El Khroub (Amazigh: ⵍⵅⵔⵓⴱ, الخروب) is a town and commune in Constantine Province, Algeria. According to the 2008 census it has a population of 179,033. it is a city in eastern Algeria, located a few kilometers from the city of Constantine. El Khroub is known for its archaeological site housing the tomb of Massinissa, around which a new city of the same name (Massinissa) was built.

==Demographics==
El Khroub is the second most populous commune in the wilaya of Constantine after Constantine, according to the 2008 general population and housing census, the population of the commune is estimated at 179,033 inhabitants compared to 14,962 in 1977, it is the commune of the wilaya of Constantine that recorded the highest annual growth rate (7.3% compared to 1.5% for the wilaya as a whole), over the period 2008-1998.

== History ==

10 km east of the city, on the National Road 20, there is the site of Bou Nouara known for its dolmens.

== Localities ==
In addition to its capital El Khroub-ville, the commune of El Khroub was composed at its creation in 1984 of the following localities: Lambièche, Dahbia, Kassandji, Salah Derradji, Baaraouia, Aïn Nahas, Aïn Leghda, Sidi Amor, Oullaza, Oued Hamim, Massine, Sidi Lakhdar, El Meridj, Draa Naga, Aïn Guerfa, Bouragba, Atfa, Sedjar, Legiuari, Zbir, Soumaâ, Guechguèche Ouest, Ferme Chibani, Chaabet El Khourchef, Tikbab, Bir Dekkiche, Kadri Farm, Aïn Berda, Medalssou, Aïn Nachfa, Boulechfar Farm, Aïn Kahla.

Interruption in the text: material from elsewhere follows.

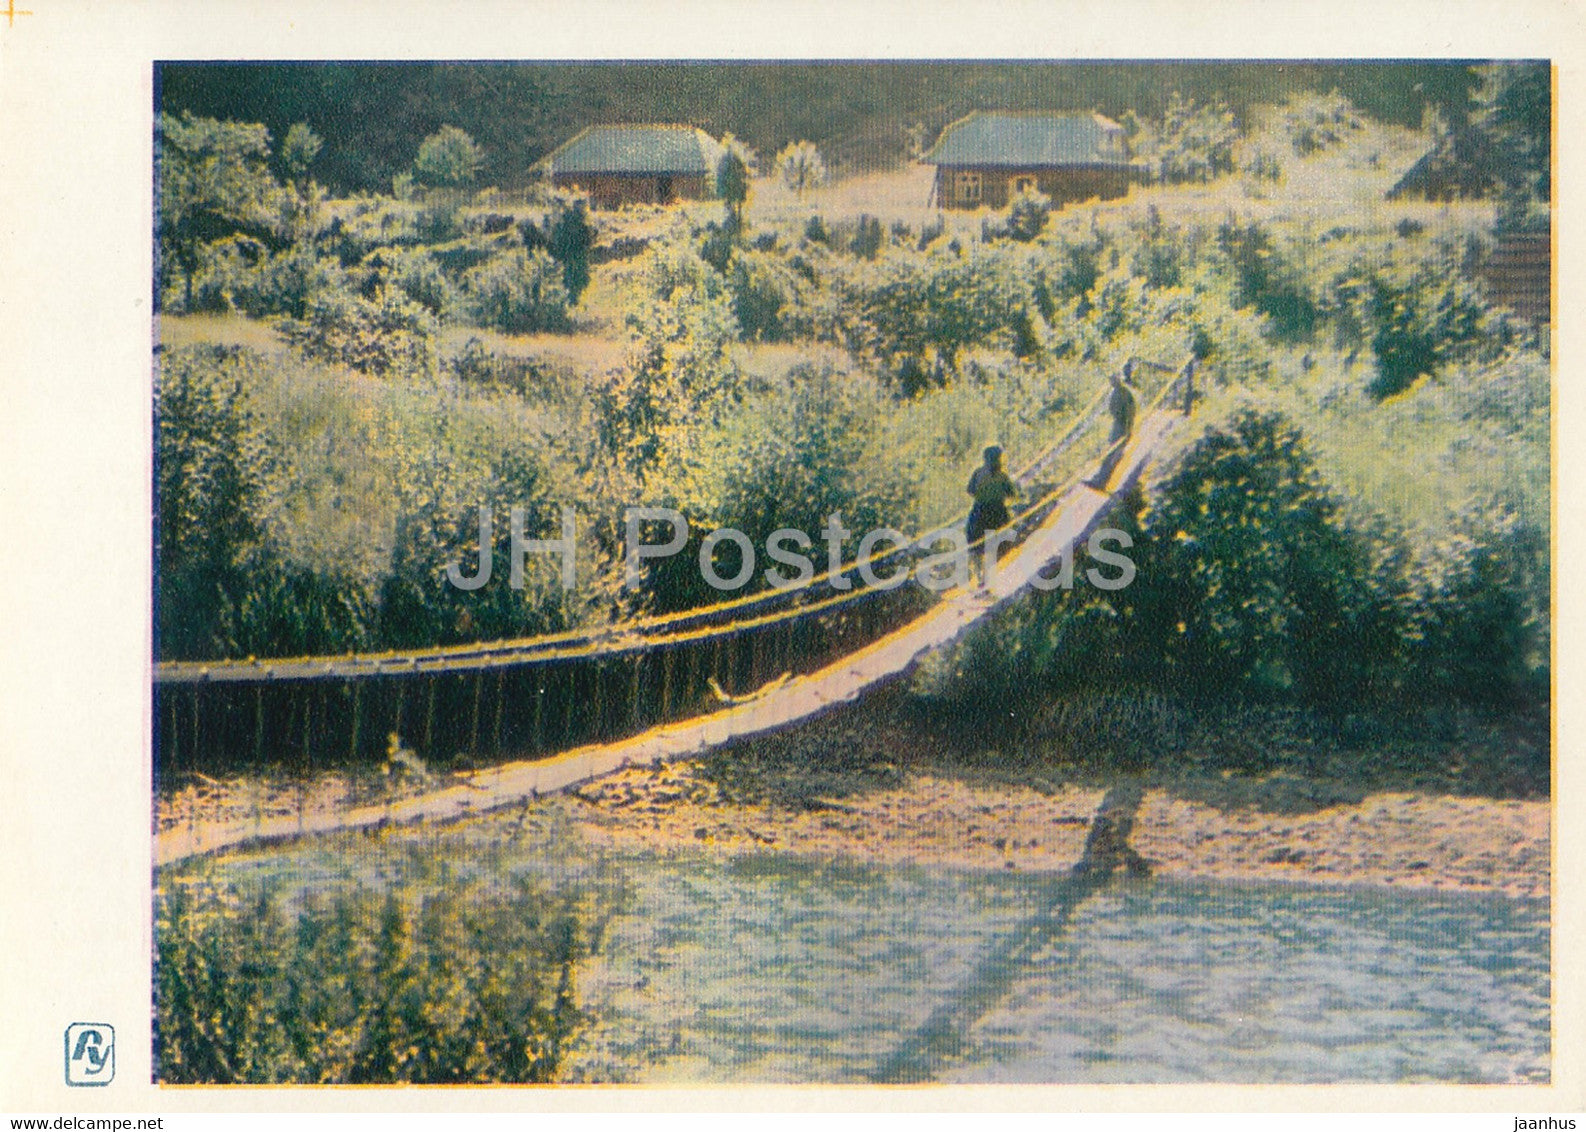 Carpathian Mountains - Karpaty - Bridge across the Tereblaya river - 1964 - Ukraine USSR - unused - JH Postcards
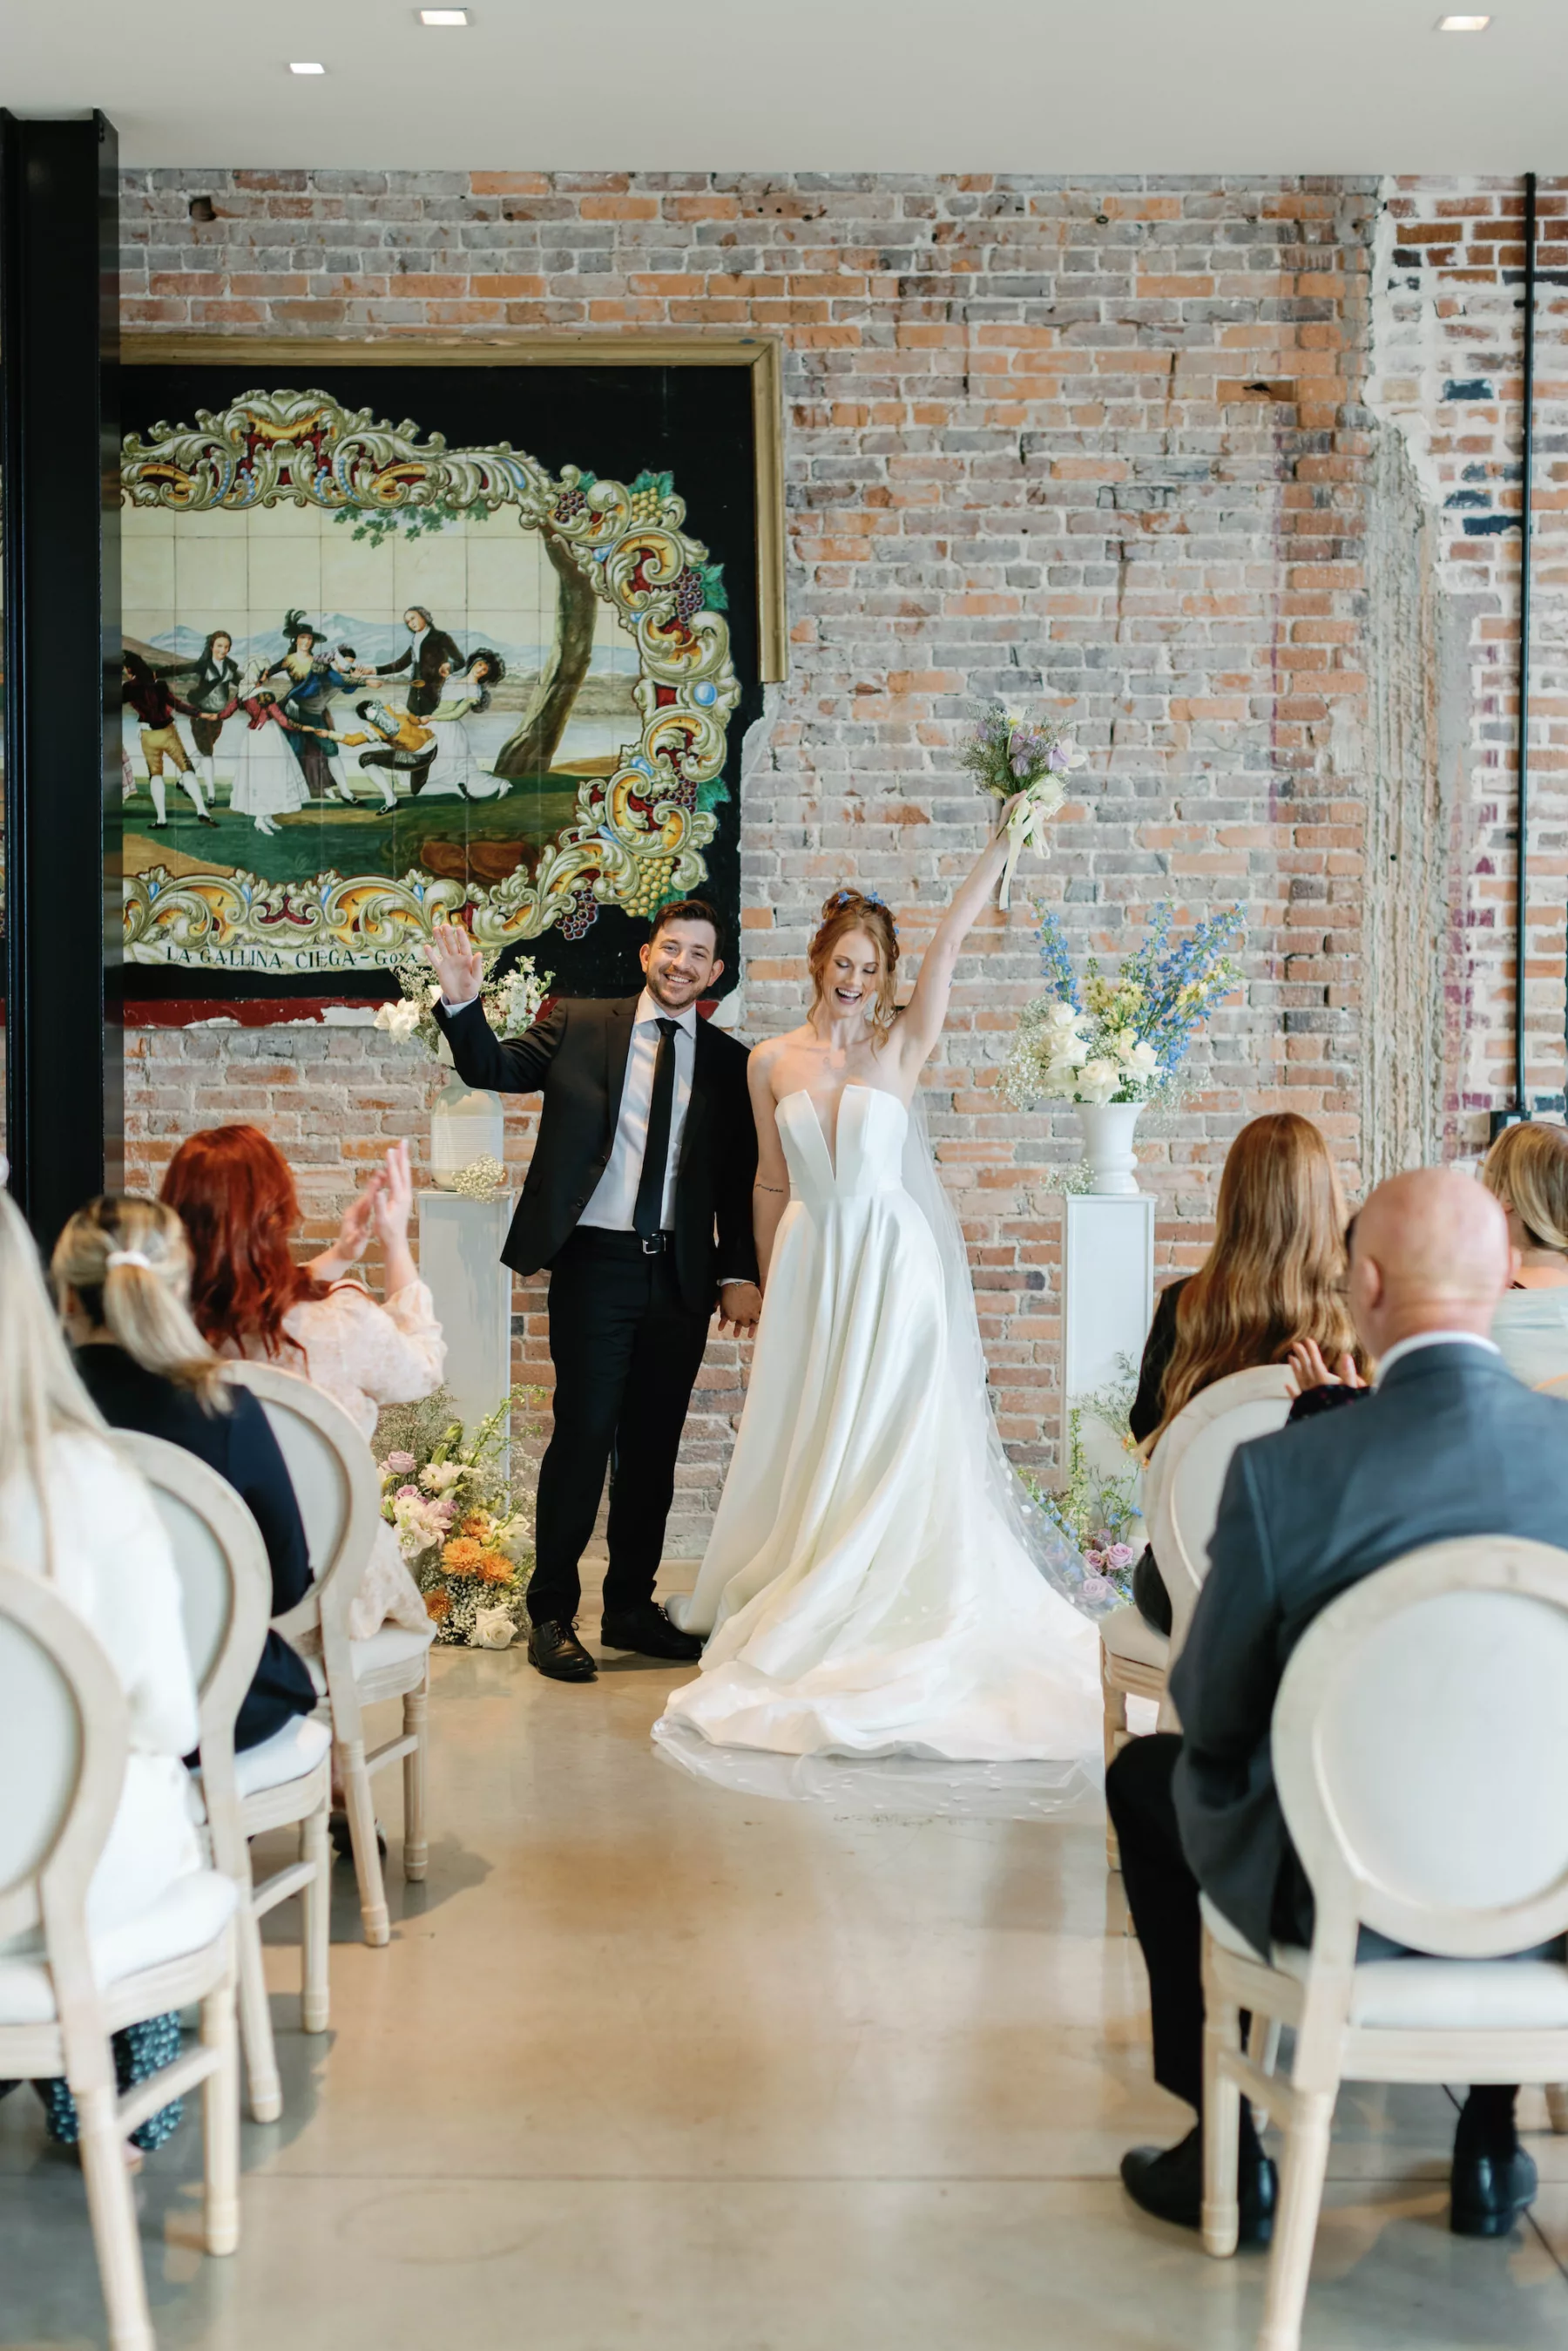 Bride and Groom Just Married Wedding Portrait | Tampa Bay Event Venue Hotel Haya

Currently, the commune is composed of the capital agglomeration, El Khroub-ville, the secondary agglomerations of Salah Derradji, Brahmia Brothers, Ali Mendjeli, Oued Hamimine, Chelia, Allouk Abdellah, Aïn N'Hasse, Maoualkia and Darih.

== Economy ==
The city is known for its weekly market, considered the second largest in eastern Algeria after Tadjenanet (wilaya of Mila).

It is also known by the presence of the headquarters of the Imam Zuuhri Library.

== Twin Towns/Cities ==
The city of El Khroub maintains decentralized cooperation relations with:

- France, Mulhouse since 31 May 2000.